Current status: clinical studies did not reach primary endpoints; preclinical studies to identify new compounds to upregulate utrophin

Utrophin upregulation

To increase the levels of the dystrophin homologue utrophin in muscle.

Utrophin is a protein that is very similar to dystrophin and forms the same link between cell skeleton and connective tissue dystrophin does, but primarily in non muscle tissues. During muscle development or regeneration, utrophin is located at the membrane of muscle fibers. However, when dystrophin production is initiated, dystrophin will replace utrophin. In adult muscles utrophin is expressed at very low levels and mainly located at the transition of nerve to muscle (neuromuscular junction). In Duchenne patients and animal models, however, utrophin is expressed at the muscle fiber membrane as well. In patients these increased levels are still too low to be beneficial. Mouse studies have revealed that 300-500% increased levels of utrophin can functionally compensate for lack of dystrophin and delay disease progression.

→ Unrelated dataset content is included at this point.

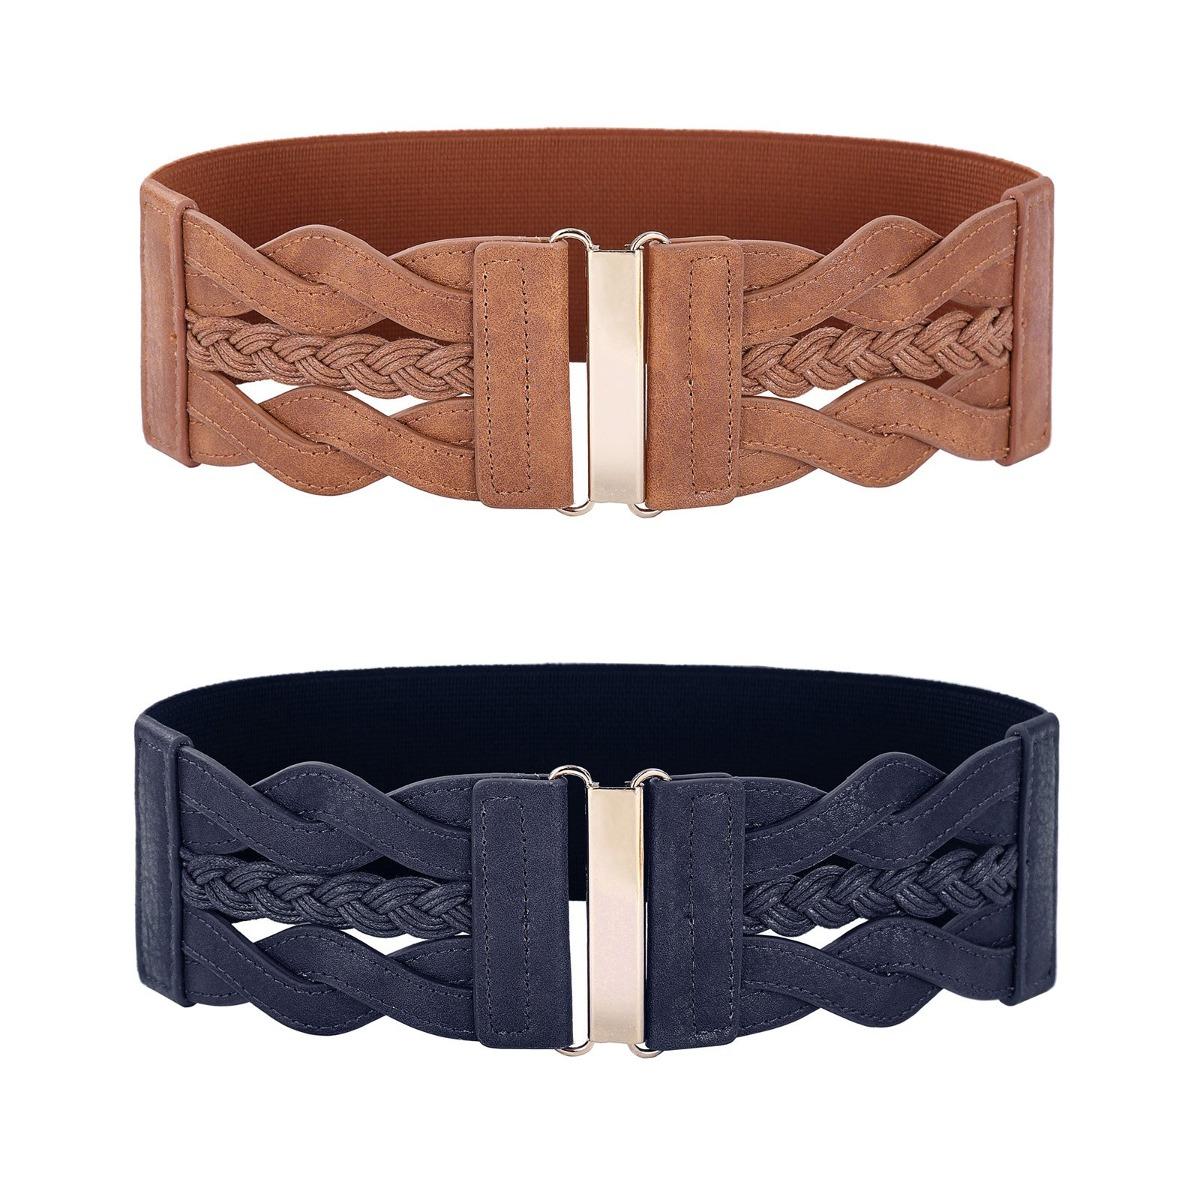 comprar popular a8673 e17d3 Correa Trenzada Para Mujer Cinturón Elástico De Cintura A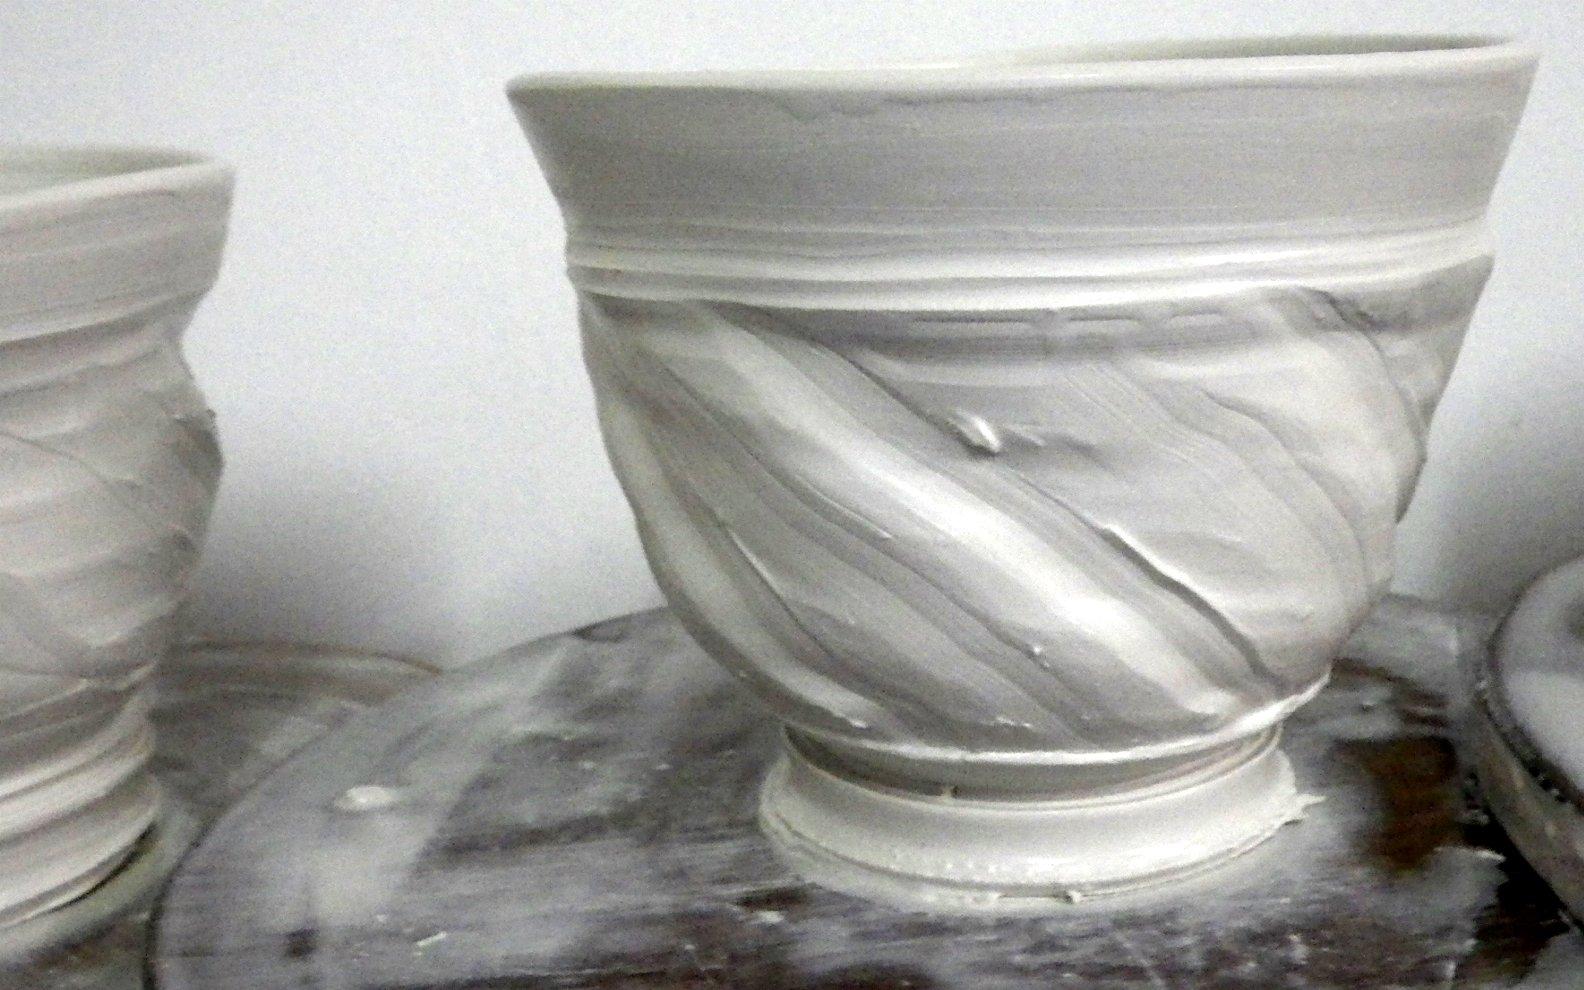 wet pots

Genes have a volume switch, which is regulated by special proteins that can turn a gene off, or set it to low or high in different tissues (resulting in low or high levels of protein, respectively). The utrophin gene switch is set to a very low volume in muscle. Thousands of drugs are screened in order to find those that can increase the volume of the utrophin gene.

Ezutromid (discontinued)

Clinical trials:
Drugs to enhance utrophin expression in cultured cells and animal models have been identified by Summit PLC (John Tinsley and Kay Davies, UK) and BioMarin Pharmaceutical Inc.. BioMarin has completed a phase 1 clinical trial where ezutromid (then named BMN-195) was tested in healthy volunteers. Unfortunately, the amount of ezutromid that ended up in the blood of the volunteers was considered too low to lead to utrophin upregulation. BioMarin therefore stopped the development of this compound. Meanwhile, Summit produced an optimized formulation that should allow improved uptake.

Clinical trials 2:
Summit has tested the new formulation of ezutromid in healthy volunteers and observed that uptake was sufficient to enable utrophin upregulation when taken with a meal. This formulation was tested in DMD patients in 3 different doses and uptake resulted in sufficient levels in blood for two of the 12 patients. A follow up trial has been performed where the formulation was tested with a high-fat meal. This improved uptake with 6/12 Duchenne patients having drug levels expected to increase utrophin expression by 30-50% based on mouse data. A phase 2 trial to assess efficiency in ambulant Duchenne patients is currently ongoing (and fully recruited) in the UK and the USA. For an interim analysis, a biopsy was taken after 24 weeks of treatment showing a 7% increase in utrophin levels. A phase 3 confirmatory study is being prepared. Analysis after 48 weeks revealed that the primary endpoint and secondary outcomes were not met (i.e. the drug had no therapeutic effect) and Summit announced that the development of ezutromid will be discontinued for Duchenne.

Other ways to enhance utrophin levels

Additional approaches to enhance utrophin levels are in the preclinical phase. Biglycan from Tivorsan aims to increase both utrophin and nNOS. Laminin-111 from Prothelia aims to increase utrophin and integrin (another protein that links muscle fibers to connective tissue and thus provides stability).